Online education has become an increasingly important topic in the wake of COVID-19. It was our team’s mission to help solve some key issues with this new shift towards online learning.
Have you ever been in an online lecture and became lost or confused about what the instructor was saying? Traditionally, instructors could look around the classroom and gauge how the class feels about the presented material. For example, the instructor may notice if students are confused and change their presentation on the fly, perhaps explaining a concept in a little more detail or perhaps not explaining a concept if they notice most people understand. This process is called “reading the room” and this is the concept which we aim to bring into online education. The problem is clear, a professor simply cannot look at over 50 tiny screens (on a Zoom call for example) to perceive how their class feels about the material in the same way they would in a real-life classroom.
Breaking down the problem
Our idea was to use computer vision and machine learning techniques to figure out how each student feels about the material, then convey that information in an easy-to-understand format for the instructor. We do this by passing each student’s video feed first to a computer vision algorithm to identify faces and then use the extracted features to a machine learning algorithm, which can use their facial expressions to figure out if they are engaged or not.
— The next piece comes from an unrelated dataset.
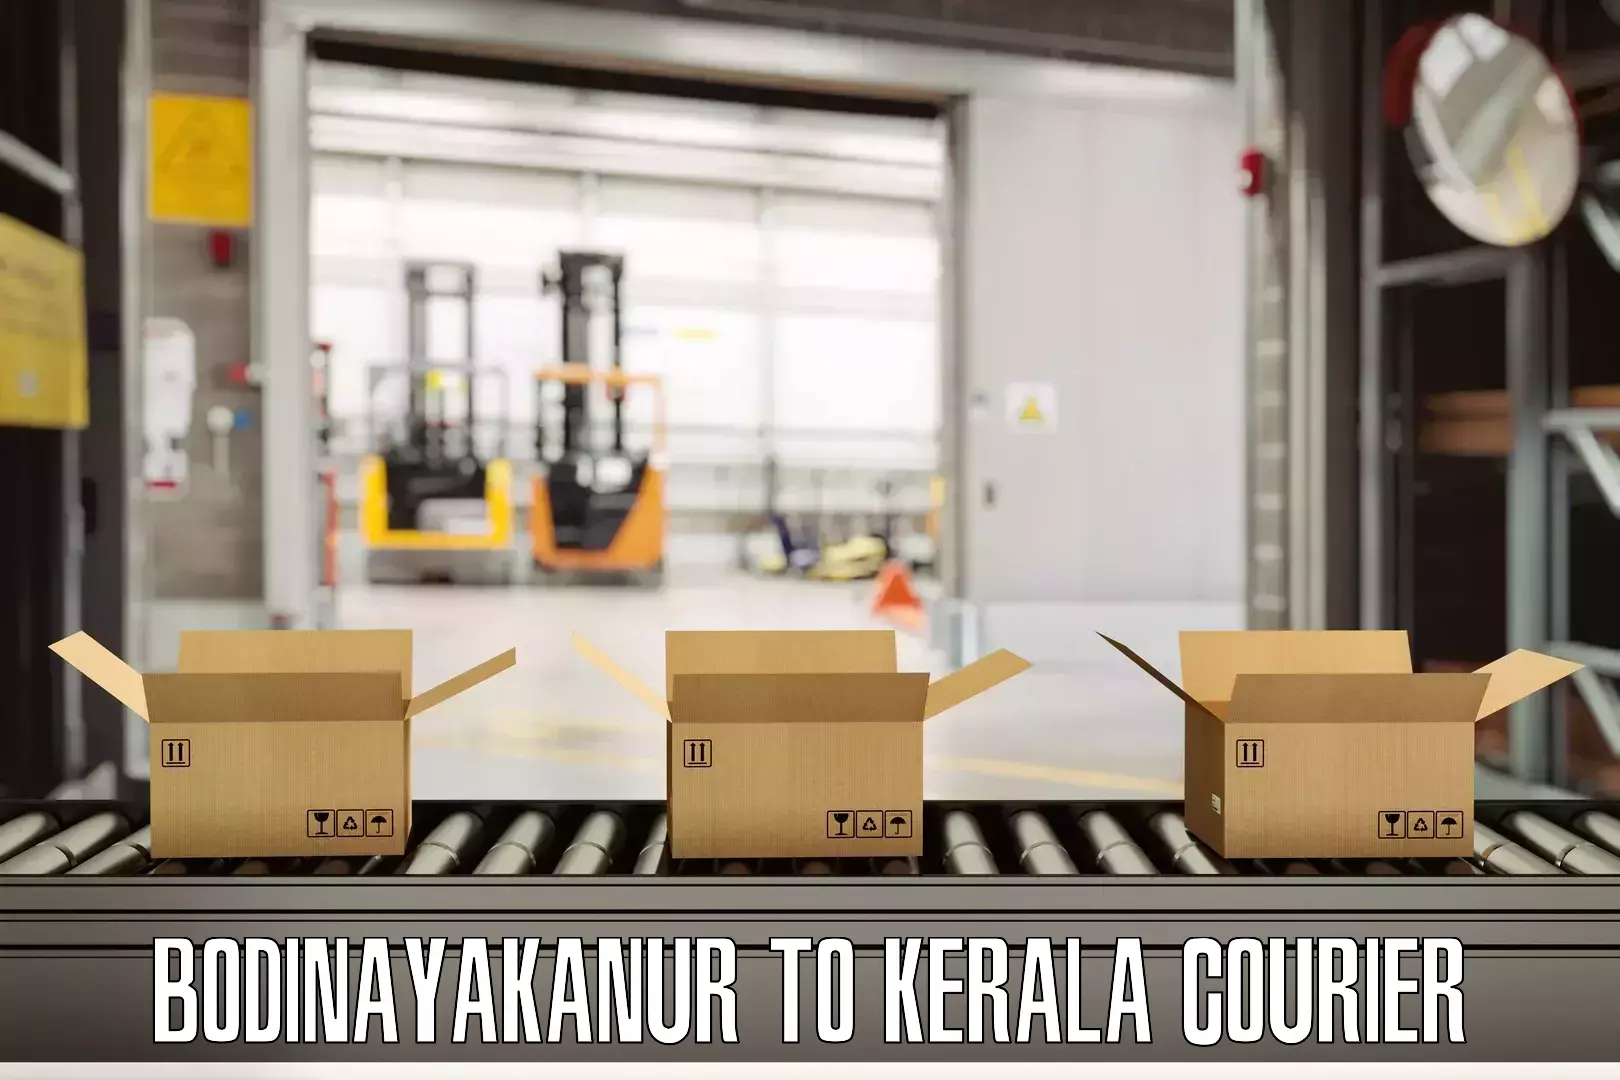 Luggage courier planning Bodinayakanur to Kalluvathukkal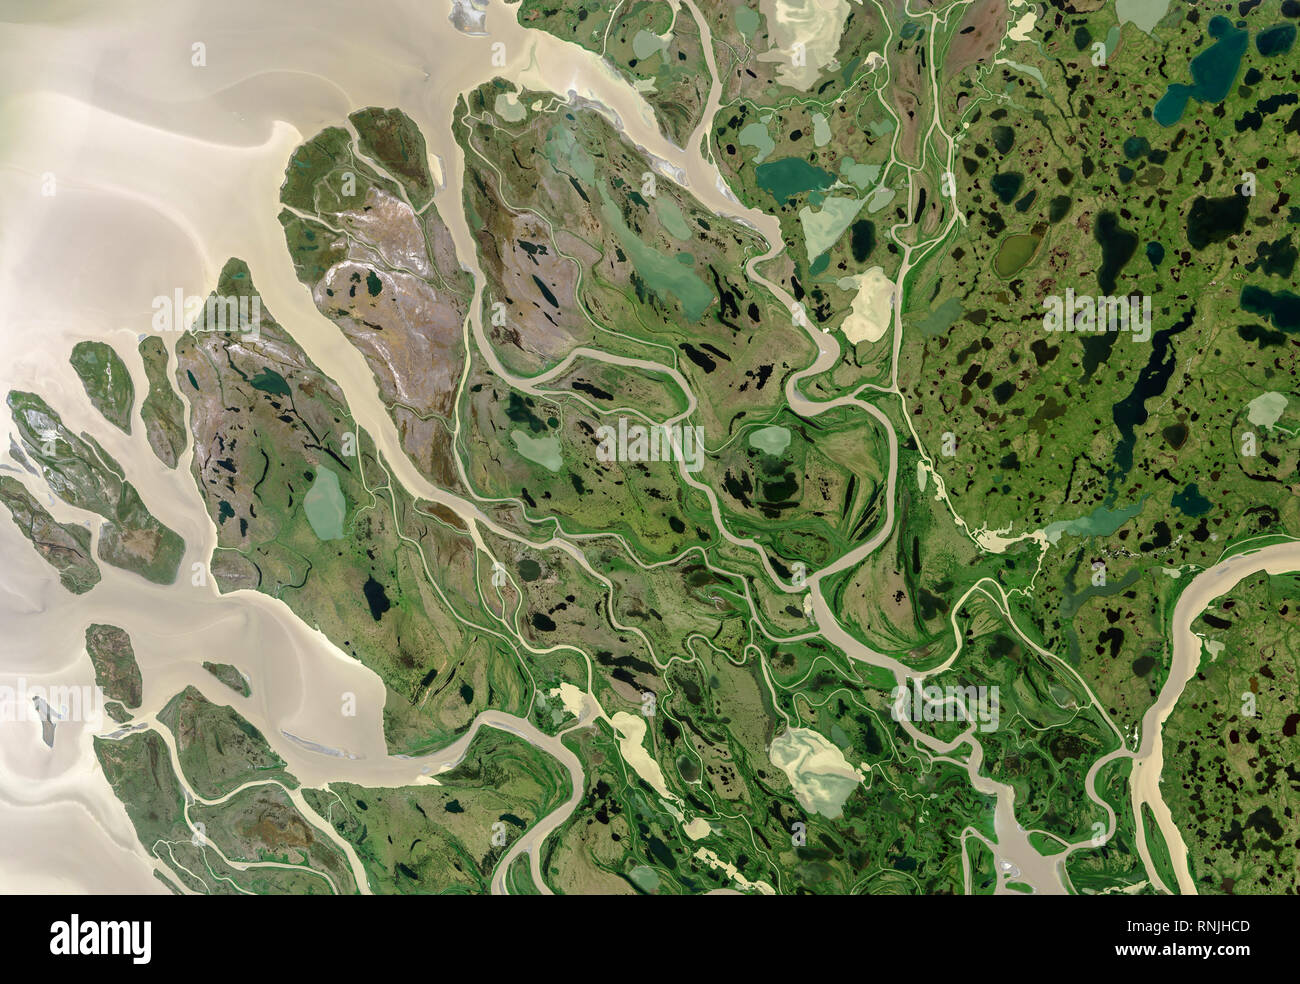 Satellite view of Mackenzie river tributaries Canada Stock Photo

It then calculates the percentage of the class that is engaged and presents that information in a variety of easy to understand plots to the instructor.
How did we implement it?
We decided to implement the machine learning algorithm using MATLAB and create the front end in Unity. All the members of our team, including Emily, who implemented the machine learning algorithm, had very little experience with MATLAB. However, we found the MATLAB toolboxes to be very easy to understand and use. Within a few hours, we already had a fully working prototype. The toolboxes allowed us to think about the problem at a higher level, instead of worrying about the nitty-gritty of each machine learning algorithm. Below we introduce some key lines of code we used in our algorithm, as well as the toolboxes we used should anyone wish to experiment around with them.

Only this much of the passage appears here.